Cosmos-RL supports elastic launching of replicas, enabling users to dynamically add or remove replicas during execution. The system handles necessary coordination automatically.
### Replica Initialization Modes
There are two initialization modes based on the configuration field n_init_replicas:
`n_init_replicas = N > 1` Cosmos-RL will wait until N replicas have joined before proceeding, and will treat later replicas as dynamic.
`n_init_replicas = 1` (default) Cosmos-RL immediately treats the first launched replica as active and dynamically integrates subsequent replicas.
Policy and Rollout components each maintain their own n_init_replicas setting, defaulting to 1.
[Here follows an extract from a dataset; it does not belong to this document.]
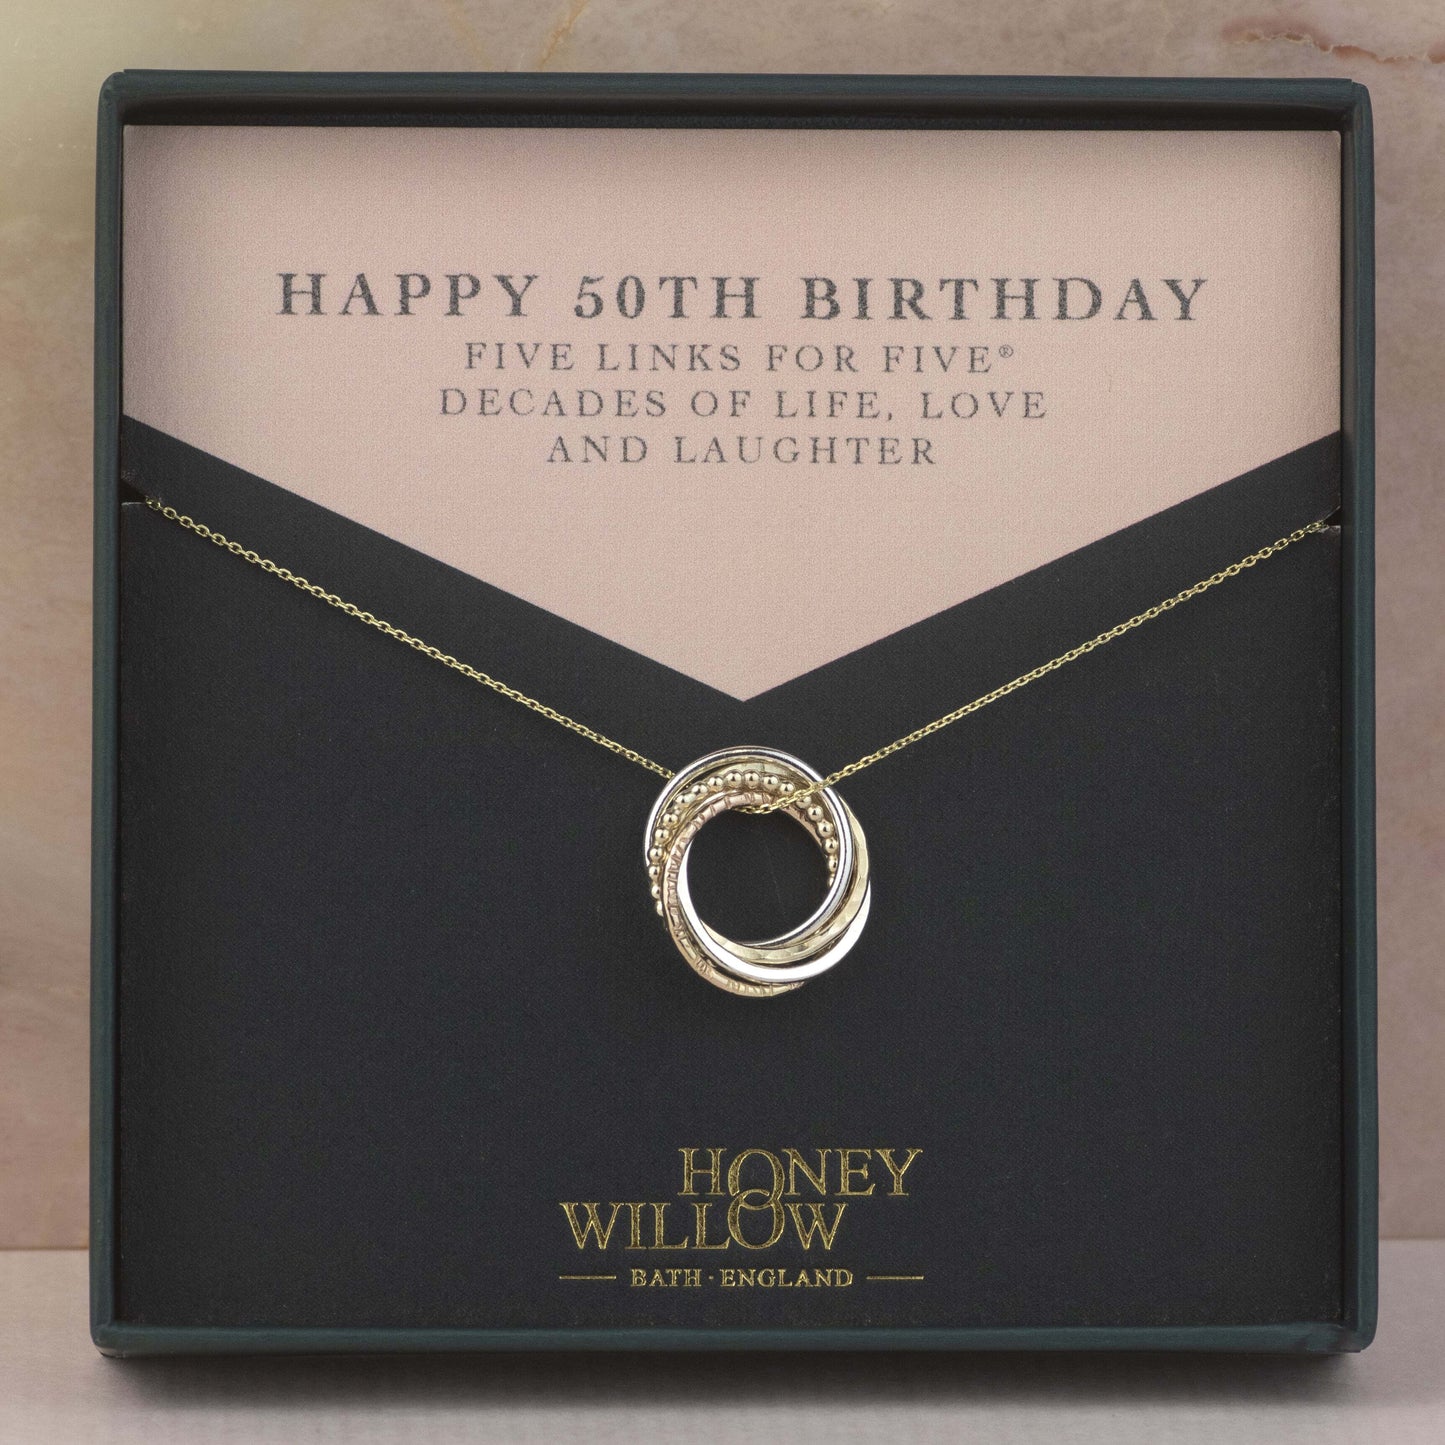 9kt Gold 50th Birthday Necklace - The Original 5 Links for 5 Decades Necklace

### Policy Replica Initialization Flow
Users can launch policy replicas one by one.
Training begins only after N replicas have launched.
The first replica performs weight initialization (e.g., from checkpoint or Hugging Face model).
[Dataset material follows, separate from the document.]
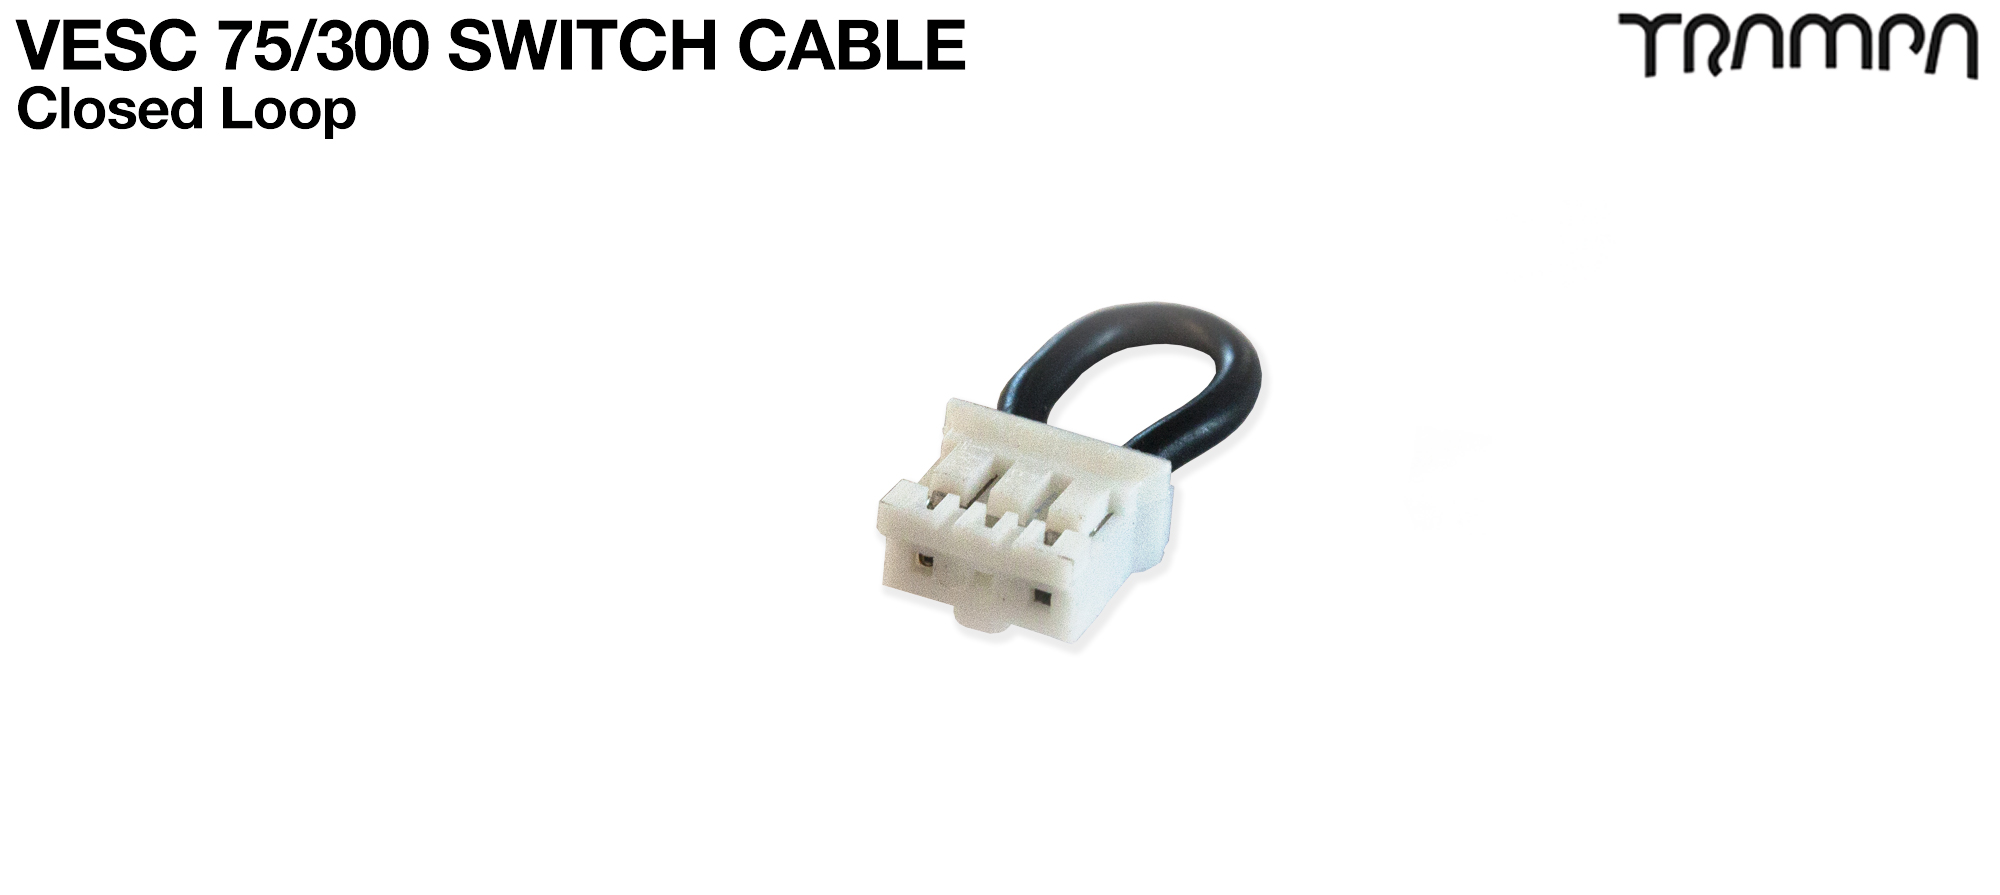 75/300 Switch Cable Loopkey - Closed

Once N replicas are active: - The controller sends a BuildMesh command. - A selected weight-initialized replica broadcasts weights to others.
The policy group is now ready to begin the RL workflow.
### Rollout Replica Initialization Flow
Rollout replicas are also launched one by one.
Only the first rollout replica starts generating rollouts initially.
It synchronizes weights from an initialized policy replica.
Once N rollout replicas are active: - The controller sends a BuildMesh command. - The first rollout replica broadcasts weights to others.
All rollout replicas now participate in rollout generation.
Note
For n_init_replicas = 1, the flow is the same with N = 1.
### Dynamically Launched Replicas
Cosmos-RL supports adding new replicas during runtime. These replicas will be integrated into the RL workflow as follows:
Policy Side - Controller sends a BuildMesh command. - A chosen initialized replica sends weights to the new one (via policy-policy unicast).
Rollout Side - Controller sends a BuildMesh command. - A chosen initialized rollout replica broadcasts weights to the new one (via rollout-rollout broadcast).
After that, the new replica is fully integrated.
Demo: Elastic Scaling in Action
### Step 1: Launch Controller
./tools/launch_controller.sh --port 8080 --config ./configs/qwen3/qwen3-8b-p-tp4-r-tp2-pp1-grpo.toml
### Step 2: Launch Initial Replicas (Assuming 8-GPU machine)
# Launch 1 policy replica
CUDA_VISIBLE_DEVICES=0,1 COSMOS_CONTROLLER_HOST=localhost:8080 ./tools/launch_replica.sh --ngpus 2 --type policy
# Launch 1 rollout replica
CUDA_VISIBLE_DEVICES=2,3 COSMOS_CONTROLLER_HOST=localhost:8080 ./tools/launch_replica.sh --ngpus 2 --type rollout
Wait a moment to observe the initial RL workflow and check the status in the controller’s web UI.
### Step 3: Add More Replicas Dynamically
# Add 1 more policy replica
CUDA_VISIBLE_DEVICES=4,5 COSMOS_CONTROLLER_HOST=localhost:8080 ./tools/launch_replica.sh --ngpus 2 --type policy
# Add 1 more rollout replica
CUDA_VISIBLE_DEVICES=6,7 COSMOS_CONTROLLER_HOST=localhost:8080 ./tools/launch_replica.sh --ngpus 2 --type rollout
You will see the new replicas appear in the web UI. Now, all four replicas (2 policy + 2 rollout) are active and working in sync.
Fault Tolerance
Cosmos-RL maintains heartbeat communication between the controller and all replicas.
If either:
a replica fails to send heartbeats within COSMOS_HEARTBEAT_TIMEOUT (default is 5 minutes) seconds
NCCL operation times out
the controller will consider it offline and remove it from the NCCL mesh. So it won’t block the ongoing RL workflow.